A coal pier is a transloading facility designed for the transfer of coal between rail and ship.

The typical facility for loading ships consists of a holding area and a system of conveyors for transferring the coal to dockside and loading it into the ship's cargo holds. Originally the holding area consisted of a rail yard in which the loaded cars were sorted by grade and held until needed for loading. Modern facilities are more likely to unload the cars immediately (for example, with rotary car dumpers) and store the coal in piles until the ship is loaded. This frees up the cars for immediate reuse and obviates rail yard maintenance.

Dedicated coal piers began to be constructed in the 1880s at ports on the Atlantic Coast and Great Lakes in the United States, and many of these survive (though highly modified) to the present. In Virginia, beginning in 1881, coal piers, operated by the Chesapeake and Ohio Railway (C&O) on the Virginia Peninsula at Newport News and in South Hampton Roads by the Norfolk and Western (N&W) and Virginian Railway (VGN) at Norfolk, made the port of Hampton Roads the largest shipping point of coal in the world by 1930. The Curtis Bay coal terminal in Baltimore, Maryland, built by the Baltimore and Ohio Railroad (B&O) in the 1880s, was for a time the largest such facility in the world. C&O and B&O also had facilities on Lake Erie.

In modern times, CSX Transportation continues to serve coal piers at Newport News and Curtis Bay, and Norfolk Southern operates a large complex at Lambert's Point in Norfolk.

==Pacific Northwest==

In the Pacific Northwest of the United States, a number of coal terminals such as the Gateway Pacific Terminal in Bellingham, Washington, were proposed for export of coal from the Powder River Basin to China. As of May 2013, three projects remained under consideration.

Lighthouse Resources (formerly Ambre Energy) of Salt Lake City dropped their Morrow Pacific project proposed for Boardman, Oregon, in May, 2016.
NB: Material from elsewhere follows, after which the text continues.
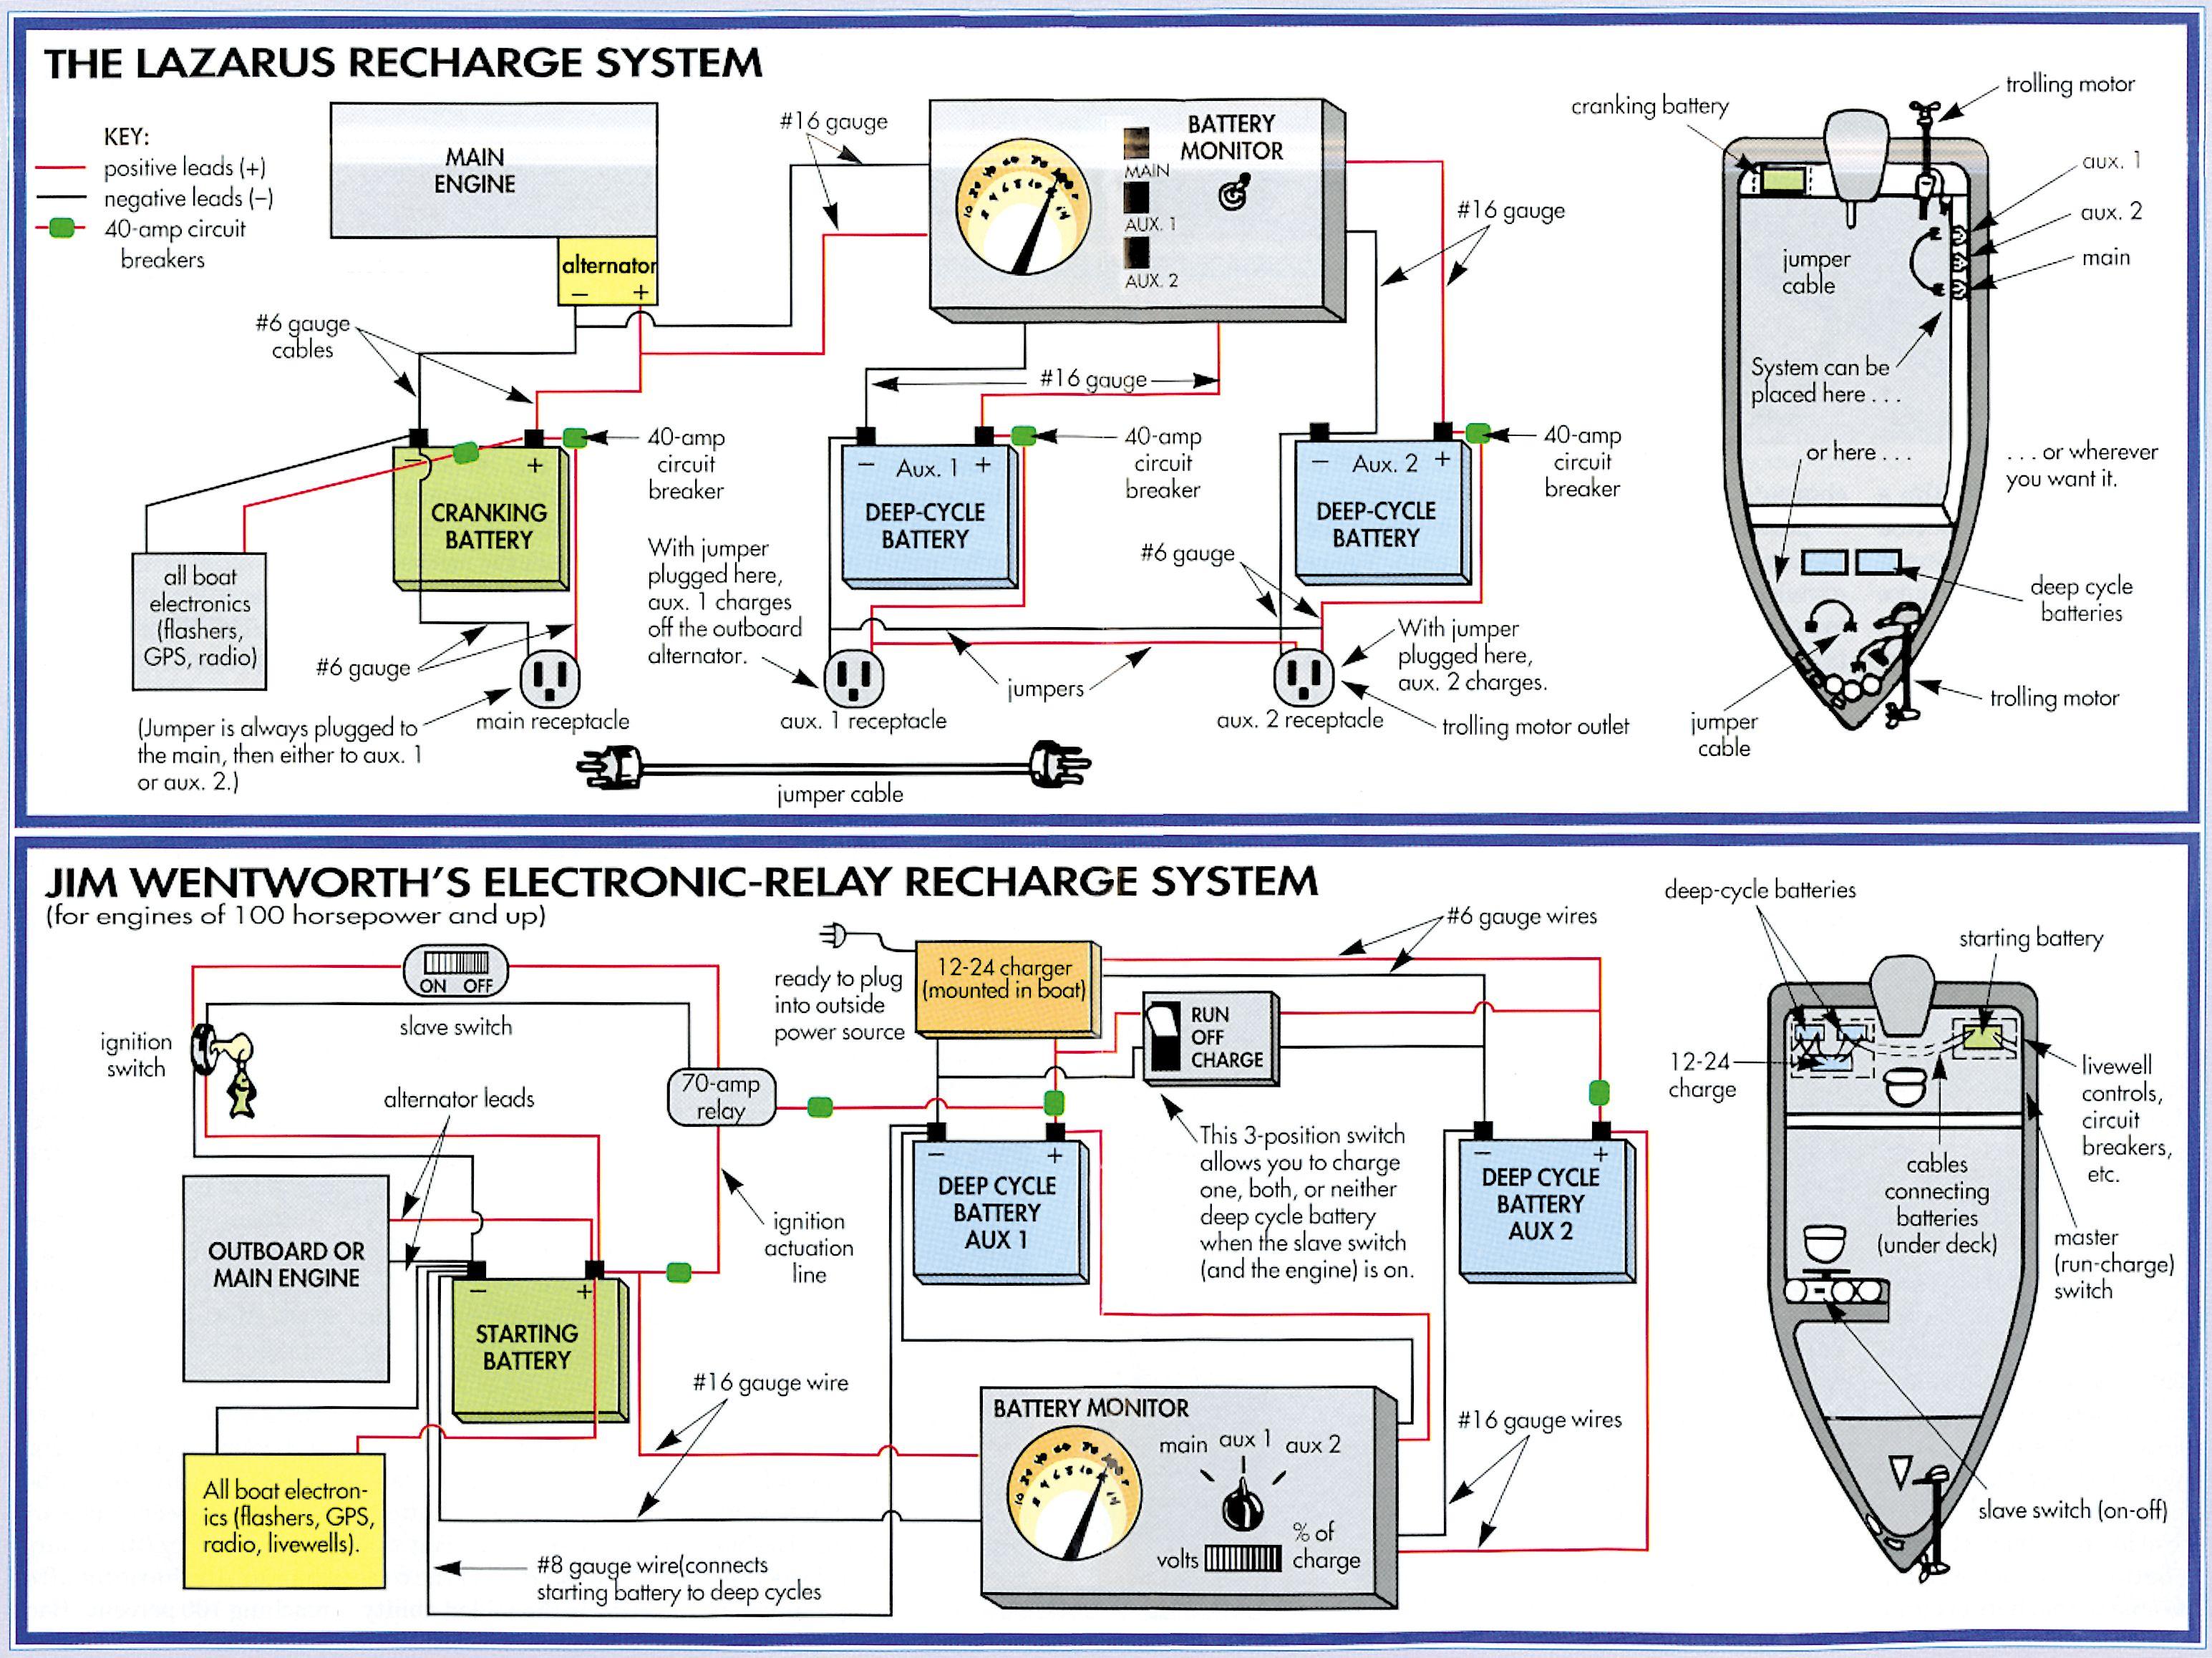 medium resolution of 12 24 trolling motor wiring motorguide volt and battery diagram 24 volt battery wiring diagram
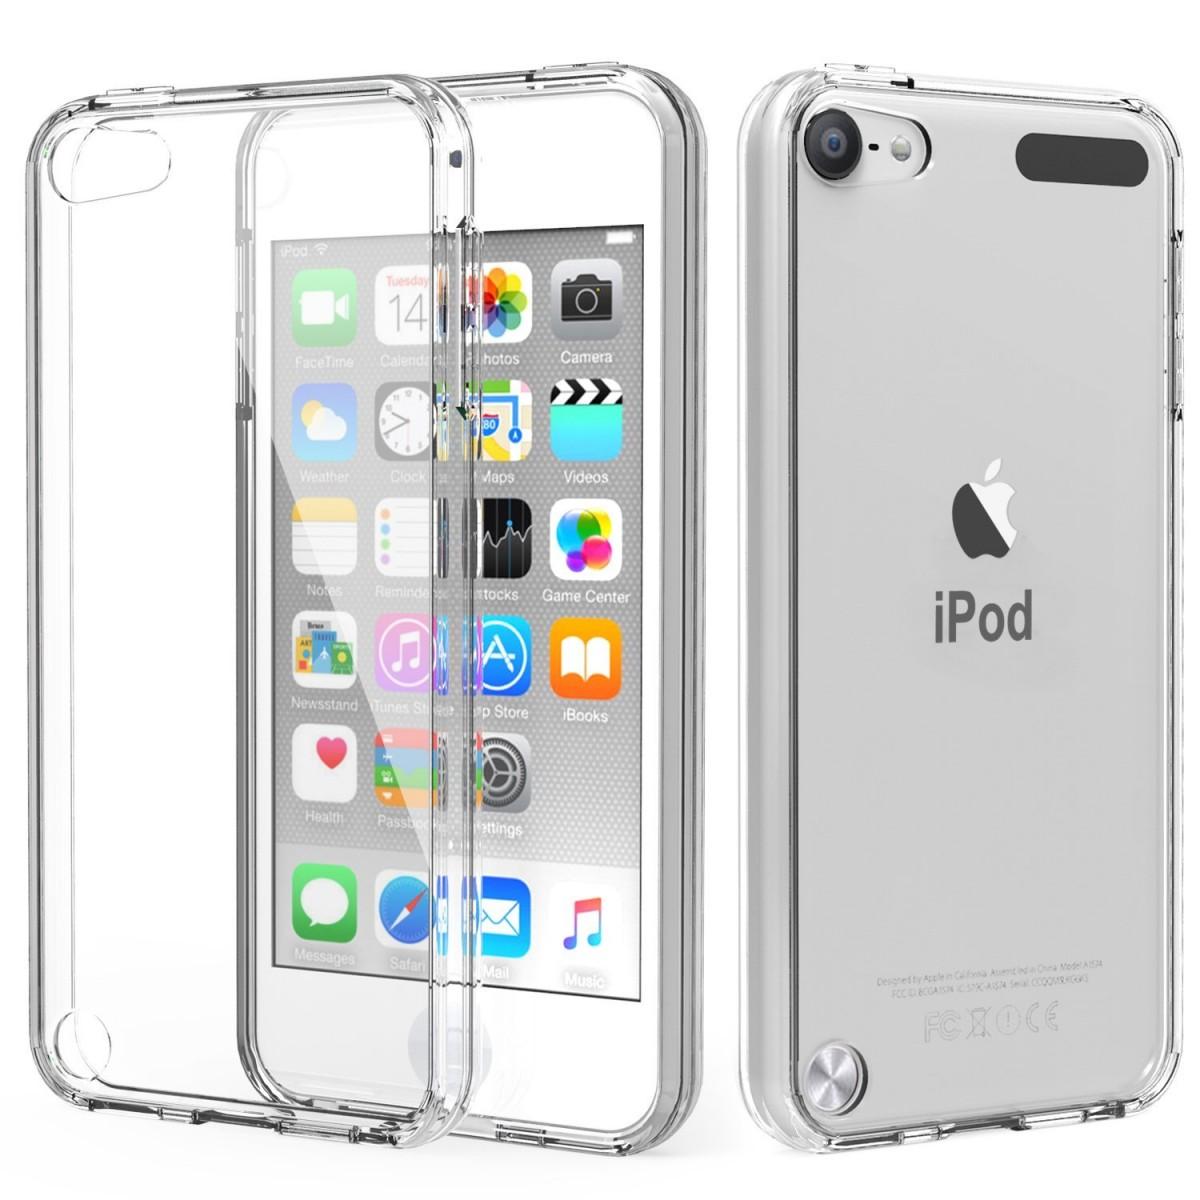 Pouzdro iMore Silicone Case na iPod Touch 5 - čiré 6424b6ed581

The US Army Corps of Engineers sided with the Lummi nation in denying a permit for the Gateway Pacific Terminal in May, 2016. The developers withdrew their application in 2017.

Millennium Bulk Terminals proposed for Longview, Washington, lost a permit appeal in March 2020. As of October, 2020, the state of Montana is suing the state of Washington over the denial.